US Trade Deficit Rose To $124.1 Billion
A slight drop in exports and a rise in imports widened the broadest measure of the U.S. trade deficit at the end of last year. The increase pushed the gap to its widest point in three years. The Commerce Department said Wednesday that the current account trade deficit increased 15.3 percent in the October-December quarter, to $124.1 billion.
A higher trade deficit acts as a drag on growth. It means more goods and services are being purchased from overseas, while U.S. companies are making fewer sales overseas.
Exports decreased slightly to $380.4 billion, in part because of a drop in overseas demand for U.S. airline tickets. Imports ticked up to $566.7 billion. The increase was partly driven by increased purchases of imported airplanes.
For the year, the current account deficit rose 0.6 percent to $473.4 billion, the largest imbalance since 2008.
Economists think the deficit will keep rising in 2012. Europe’s debt crisis is likely to drag on U.S. exports, as is slower growth in Asia. And stronger growth in the United States should boosts imports.
The January deficit for U.S. trade in goods and services increased to $52.6 billion, the largest monthly imbalance in more than three years.
The current account is an even broader measure of trade. It covers not only trade in goods but also services, such as air travel, and investment flows among nations. Economists watch the current account as a sign of how much the United States needs to borrow from foreigners.
The current account deficit hit an all-time high of $800.6 billion in 2006. It then shrank after the recession reduced demand for imports.

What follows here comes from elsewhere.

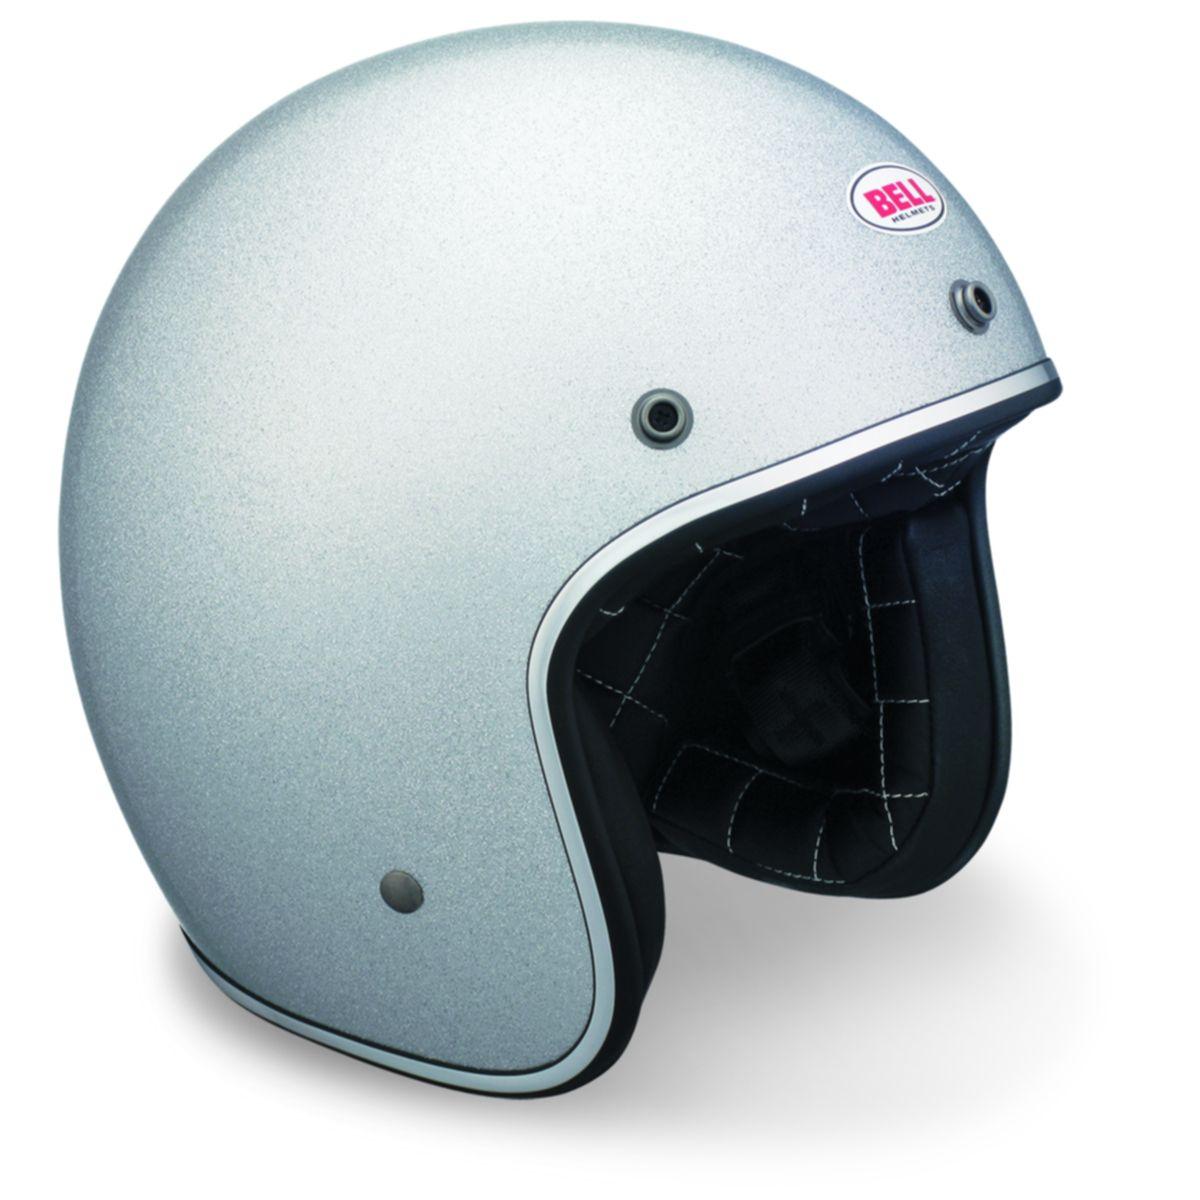 Thehelmetman Com Bell Custom 500 Silver Flake Open Face Helmet Closeout 68 99 Http Thehe Vintage Helmet Open Face Helmets Open Face Motorcycle Helmets

The gap began widening again after the recession ended in June 2009.
The overall economy grew just 1.7 percent in 2011. The country struggled in the early part of the year from a spike in energy prices, supply disruptions caused by the Japanese earthquake and turbulent stock markets. Investors worried about how the European debt crisis would hurt the global economy.
Recent reports show the U.S. recovery is gaining momentum. Employers have added 734,000 jobs since December, the best three months of hiring in two years. The economy is growing faster, consumer confidence is at its highest point in a year and retail sales are rising.
On Tuesday, the Federal Reserve offered a more positive view of the economy, noting the improvement in the job market. The Fed took no further steps to aid the recovery and repeated its plan to keep short-term interest rates near zero through 2014.
JPMorgan economists predict growth of around 2.2 percent for the year, slightly better than last year. Still, gas prices are rising once again. And Europe’s debt problems continue to pose a threat, although the Fed said some of the danger to the global economy has eased.
For the fourth quarter, the deficit in goods totaled $186.3 billion, up $5.5 billion from the third quarter. The U.S. surplus on services shrank by $876 million, to $45.3 billion. That reflected in part a drop in foreign purchases of airline tickets.
The surplus on investment income fell to $50.3 billion, a decline of $10.3 billion. A drop in dividend payments to U.S. investors on their foreign investments was a factor.
The category that covers U.S. foreign aid payments totaled $33.3 billion in the fourth quarter, slightly lower than the $33.5 billion in payments made in the third quarter.